Une des meilleures scènes en ce genre est celle que le Montagnard Taillefer exécuta à Cahors. Au moment le plus tragique de toute la Révolution, après la grande razzia de septembre 93, qui combla toutes les prisons, il fallait être terrible. Entre les Comités si sévères et l’exaltation locale des violents patriotes, comment faire de la terreur au meilleur marché possible ? Taillefer dépassa l’attente des plus furieux eux-mêmes. Il entra sur un cheval rouge à Cahors, avec trente-deux voitures pleines d’un monde de prisonniers qu’il avait ramassés en route. Sans débotter, il commanda qu’on lui dressât sur la place une superbe guillotine.

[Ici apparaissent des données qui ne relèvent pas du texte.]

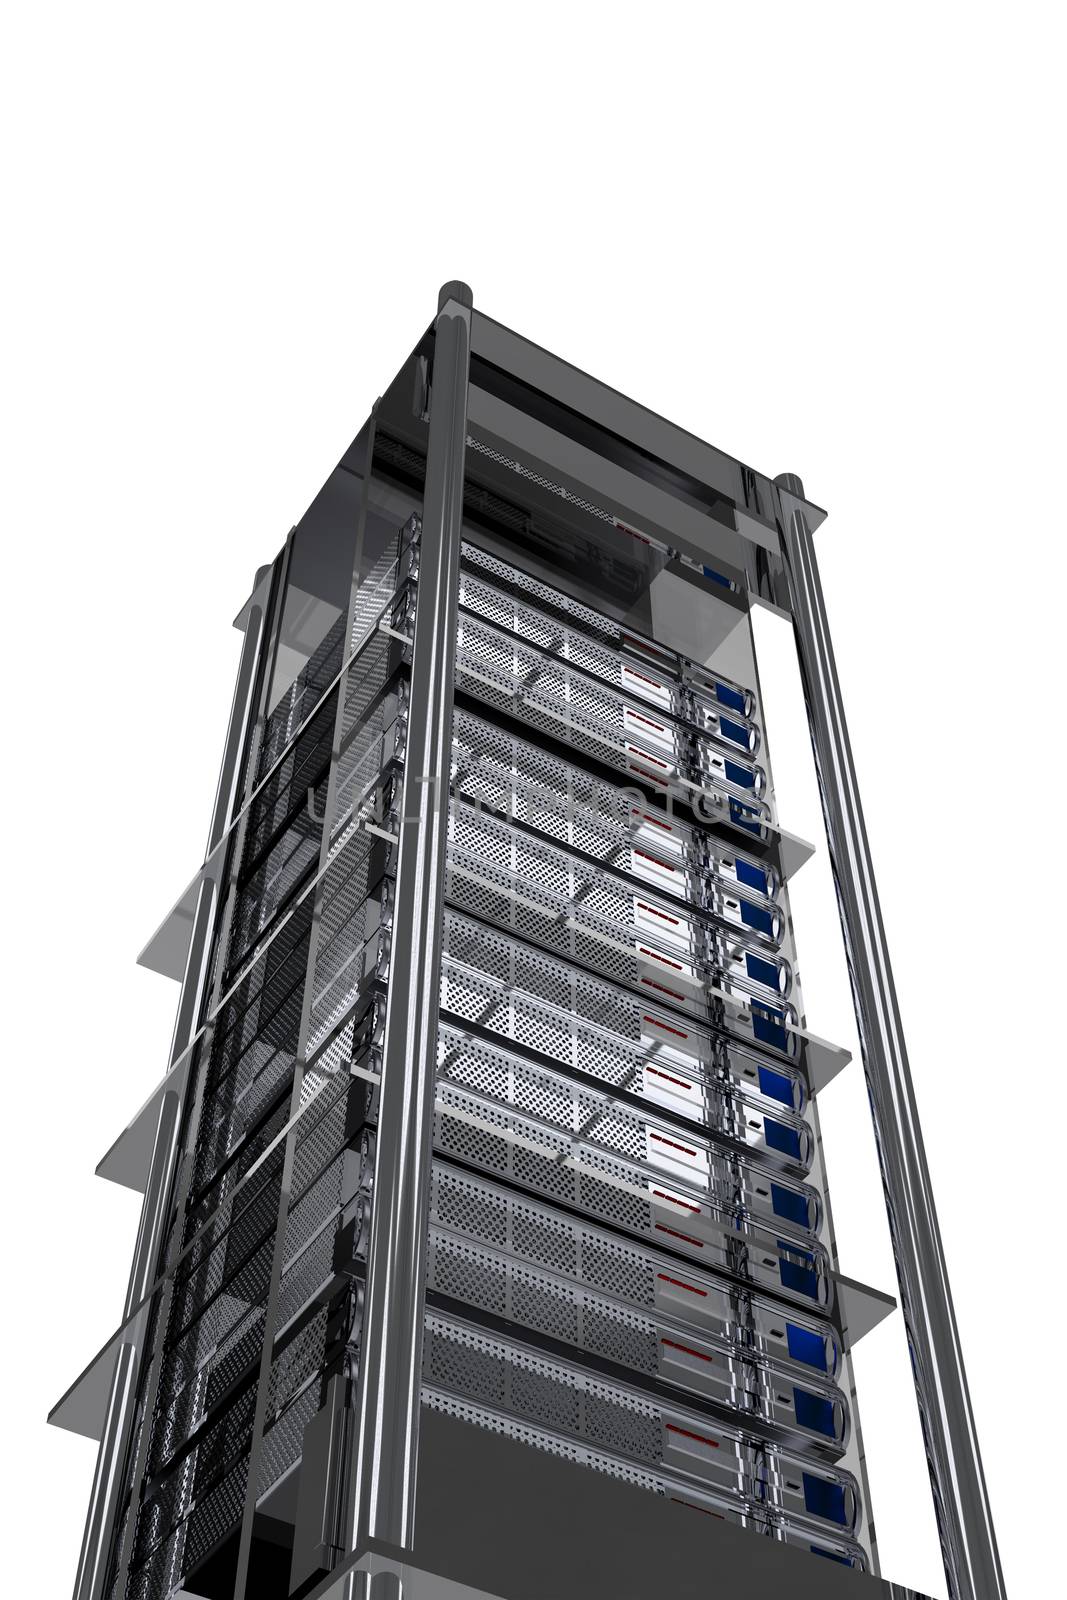 Servers Tower - Modern Metallic Server Rack Isolated on White.

En face, sur un échafaudage, il fit faire deux trônes, régala le peuple ravi d’un grand jugement des rois. Il prit entre les prisonniers, il nomma un roi, une reine, des princes et des courtisans. Le roi et la reine, dûment couronnés en grande pompe, avec tous les prisonniers amenés, et ceux de Cahors durent (par couple, un homme, une femme) prendre une torche à la main, monter à la guillotine et lui présenter leurs hommages, puis réunis, faire en bas une immense farandole. Quelques zélés pendant ce temps accommodaient l’instrument. Mais le peuple était charmé ; cette belle amende honorable lui semblait bien suffisante. Il ne souffrit pas qu’on fît monter aucun des danseurs.
Taillefer à l’exécution substitua un dîner dont un citoyen fit les frais, un bal où dansa tout le peuple. Sa vigueur fut admirée, et il garda de ce jour une réputation superbe de terrible terroriste et de vrai buveur de sang.